Yes. The method seems sensible. The OpenStreetMap based datasets seem sensible for the task and similar datasets are used in the literature (“Urban Region Representation Learning with OpenStreetMap Building Footprints” (KDD '23), “Urban2Vec: Incorporating Street View Imagery and POIs for Multi-Modal Urban Neighborhood Embedding” (AAAI '20)). The evaluation metrics seem appropriate. Ground truth data for tasks such as land use classification has been gathered similarly to previous works in the area.

理论论述

I couldn’t see any problems with the formulation of the fourier transform based method.

实验设计与分析

All experiments seem to be well designed.

补充材料

Yes. I reviewed all of the appendices, which provide additional details on the method, experiments and baselines are and some additional results are presented.

I had a quick glance at the provided code, which seems fine.

与现有文献的关系

Some existing works involve creating representations of buildings or places of interest but these make use of semantic information such as text or photos of the location. “Urban Region Representation Learning with OpenStreetMap Building Footprints” (KDD '23)

Many works involve generating an embedding of points and some of these are compared against in this work (e.g. WRAP method in "Presence-Only Geographical Priors for Fine-Grained Image Classification" (ICCV '19)). These can be extended to represent lines as sequences of points. (e.g. "LSTM-TrajGAN: A Deep Learning Approach to Trajectory Privacy Protection" (GIScience 2021))

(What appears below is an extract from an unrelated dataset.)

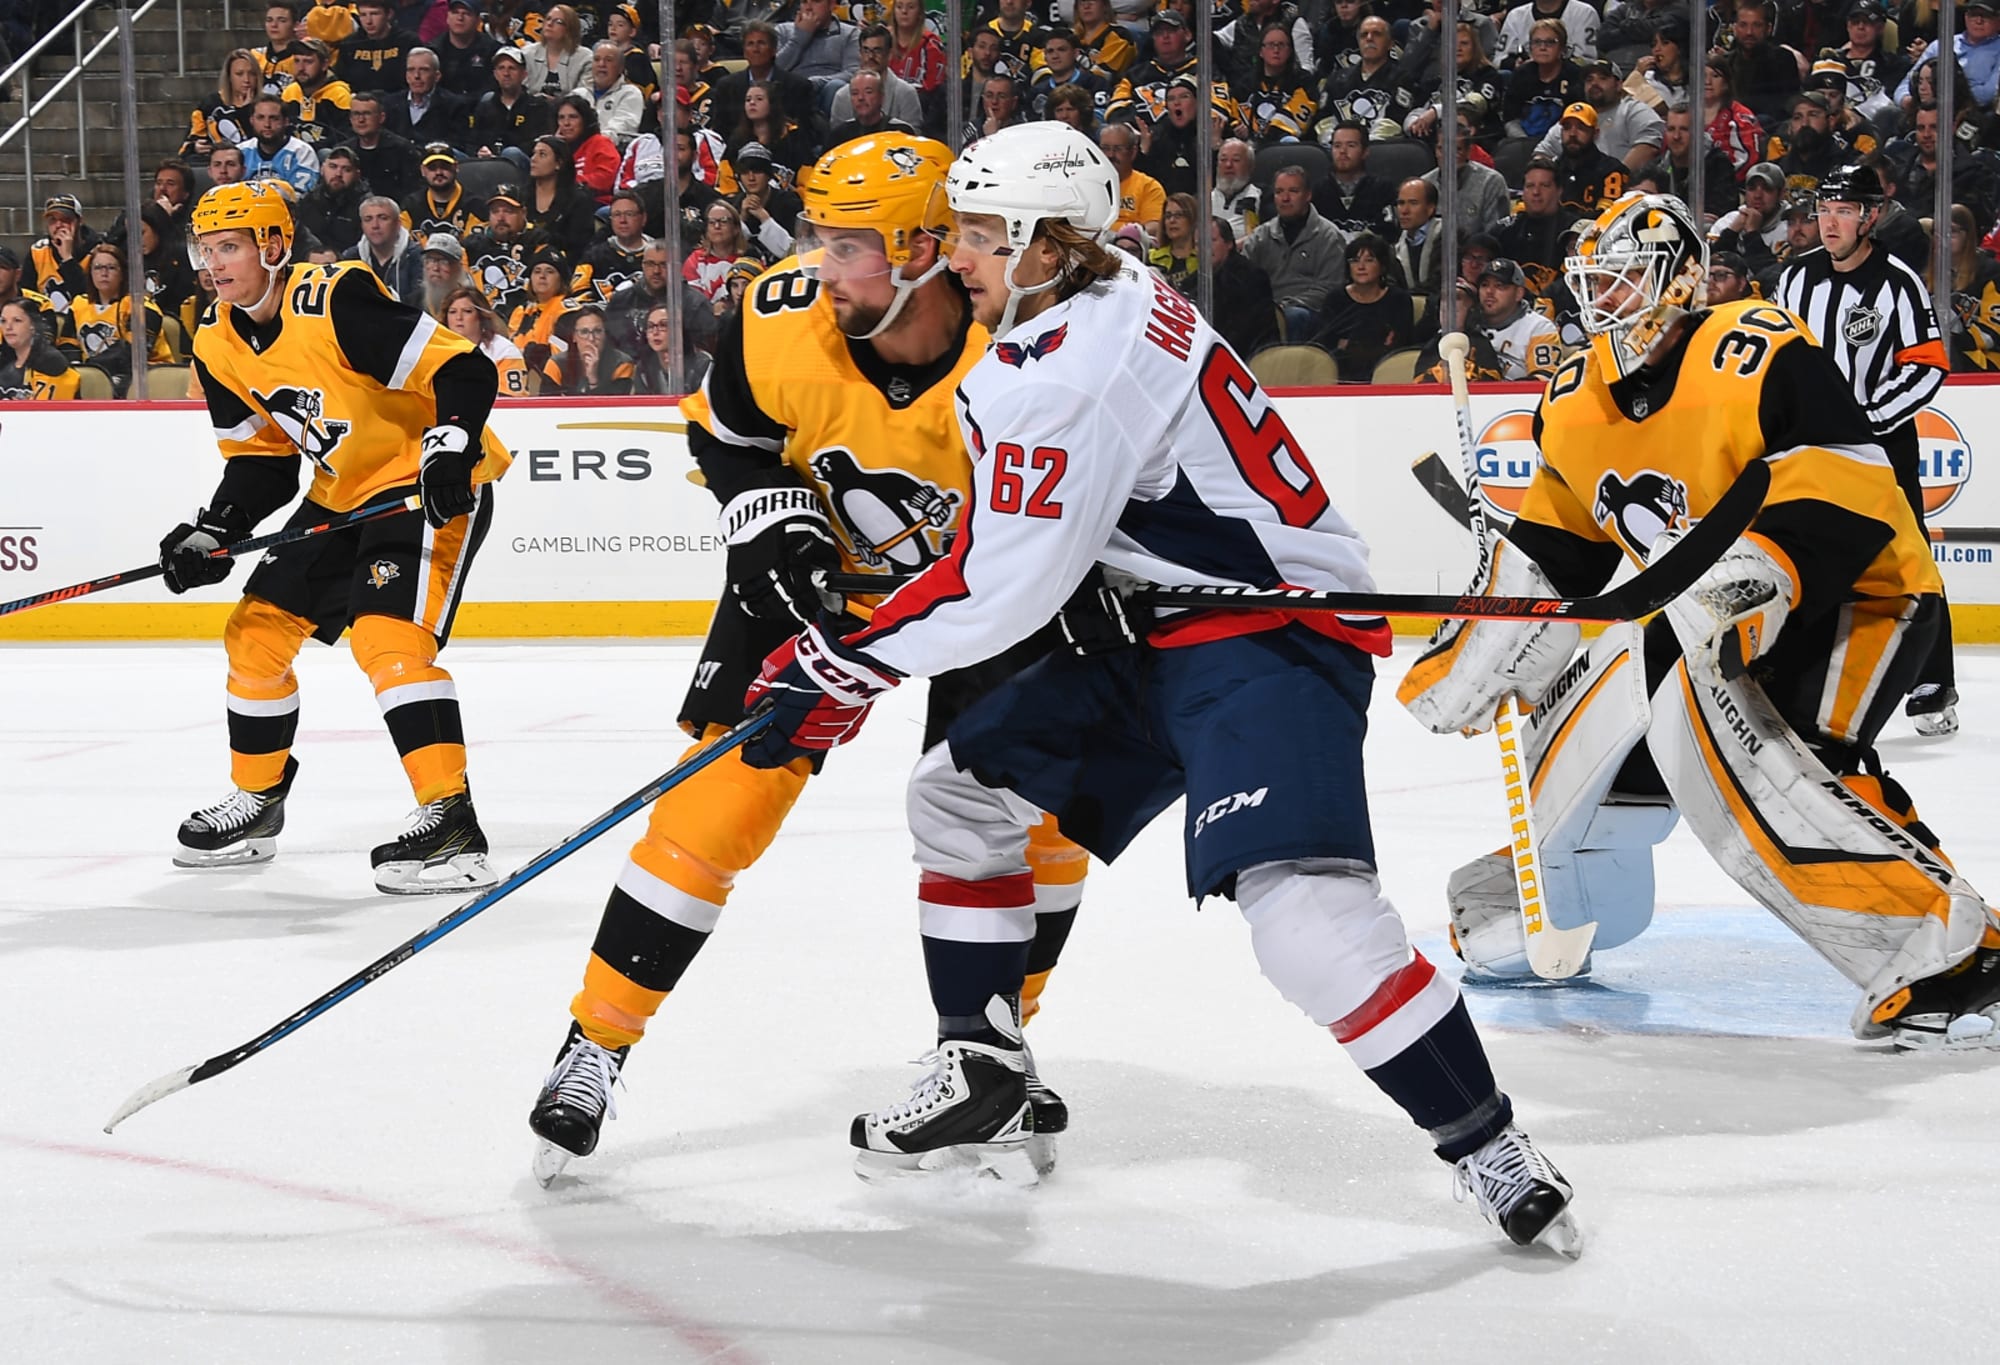 Capitals vs Penguins A Rivalry worthy of Super Sunday

“Towards General-Purpose Representation Learning of Polygonal Geometries” (GeoInformatica 27(4):1-52) produces encodings of polygons that are suitable for machine learning approaches.

“Graph Convolutional AutoEncoder models” can also produce encodings of polygons or lines.

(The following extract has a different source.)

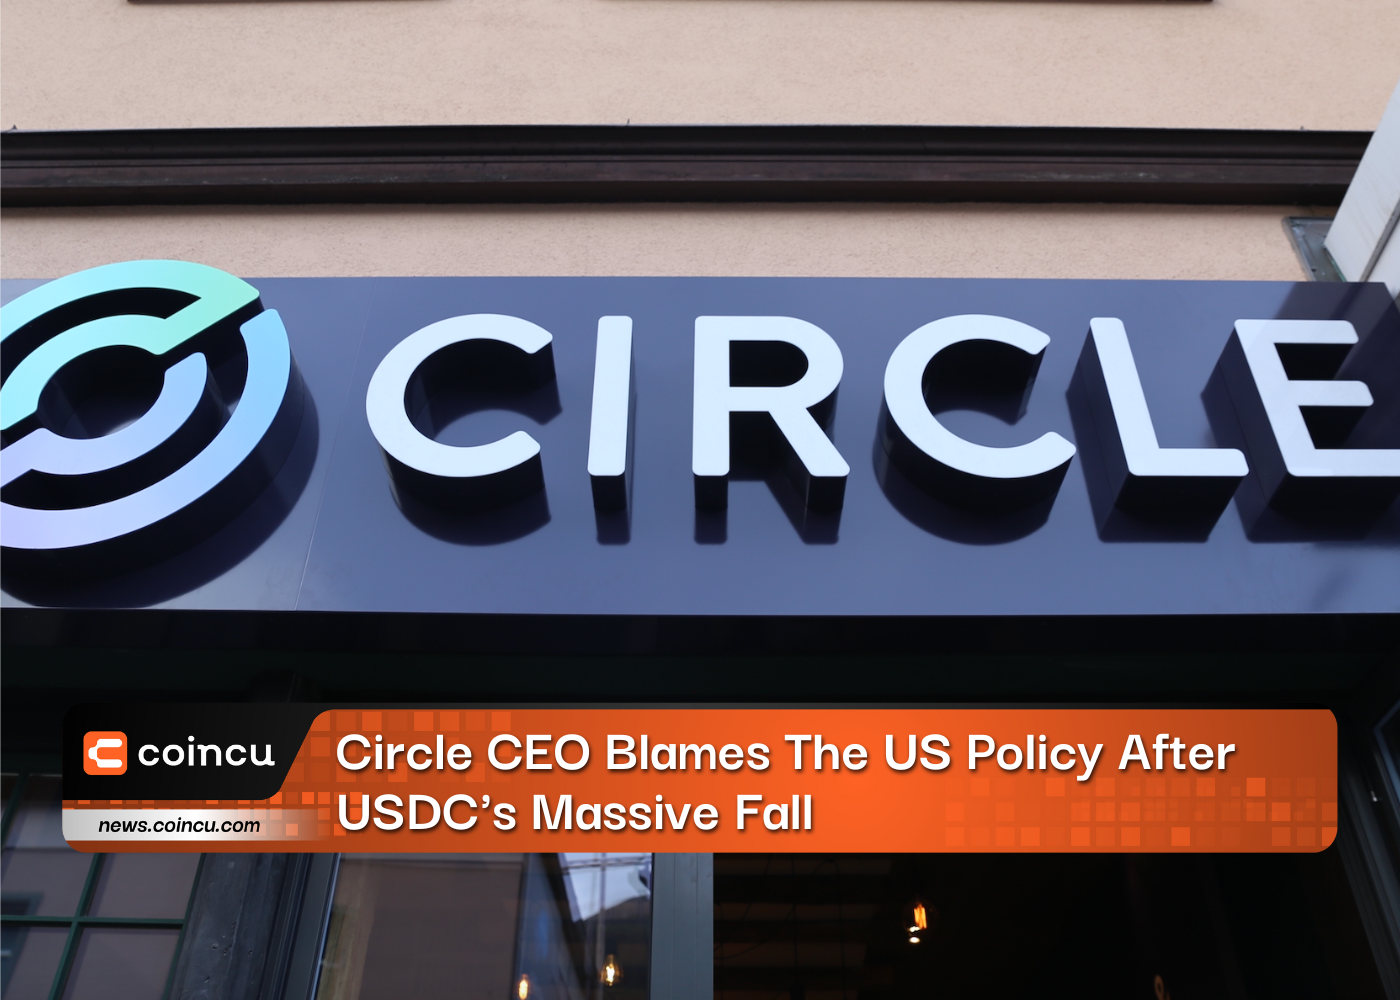 Circle CEO Blames The US Policy After USDC's Massive Fall

Spectral domain polygon encoders do exist such as “NUFTSPEC”. The authors do cite this work. (“Towards General-Purpose Representation Learning of Polygonal Geometries” (GeoInformatica 27(4):1-52)).

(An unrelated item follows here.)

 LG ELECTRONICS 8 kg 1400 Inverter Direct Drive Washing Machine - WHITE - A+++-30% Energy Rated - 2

Poly2Vec does seem to uniquely create a unified embedding space for the different geometries that are discussed in the work (polygons, polylines, points)

Deterministic spatial reasoners such as postGIS can do many of the tasks that are discussed in this paper such as accurately measuring distances between polygons, lines and points, and determining directions. However these do not produce an encoding that is suitable for many machine learning approaches.

遗漏的重要参考文献

Essential references seem to be included.

其他优缺点

The work seems to be quite original in furthering spectral based methods of encoding polygons to also include points and lines.

The paper is clear and the work done is well described. Baseline approaches are covered quite well.

The tasks seem well constructed and a wide range of approaches are compared against.

Several different evaluation metrics are used and the proposed method is consistently well performing.

The method involves learning how to encode objects in a way that seems to allow it to be fine tuned to specific tasks which might not be helpful for a downstream user who does not wish to train a model in order to encode their geospatial objects, and might limit the transferability of these representations. I also wonder if including a similar neural network for some of the baseline approaches and training these to produce encodings that are useful for specific tasks would also improve performance of these baselines and make Poly2Vec comparatively less high performing.

其他意见或建议

Well put together paper and not many mistakes that I can see, but on line 875 we have a couple of “Figure ??”s.

作者回复

2025-03-31

Thank you for your insightful comments.

Reviewer: (Note we grouped these comments, because our answer is essentially the same for all of them.) The method involves learning how to encode objects in a way that seems to allow it to be fine tuned to specific tasks which might not be helpful for a downstream user who does not wish to train a model in order to encode their geospatial objects, and might limit the transferability of these representations. … I also wonder if including a similar neural network for some of the baseline approaches and training these to produce encodings that are useful for specific tasks would also improve performance of these baselines and make Poly2Vec comparatively less high performing. … The method involves learning how to encode objects in a way that seems to allow it to be fine tuned to specific tasks which might not be helpful for a downstream user who does not wish to train a model in order to encode their geospatial objects, and might limit the transferability of these representations. Do the authors know if including a similar neural network for some of the baseline approaches and training these to produce encodings that are useful for specific tasks would also improve performance of these baselines and make Poly2Vec comparatively less high performing? This will allow me to better judge the performance of the proposed method.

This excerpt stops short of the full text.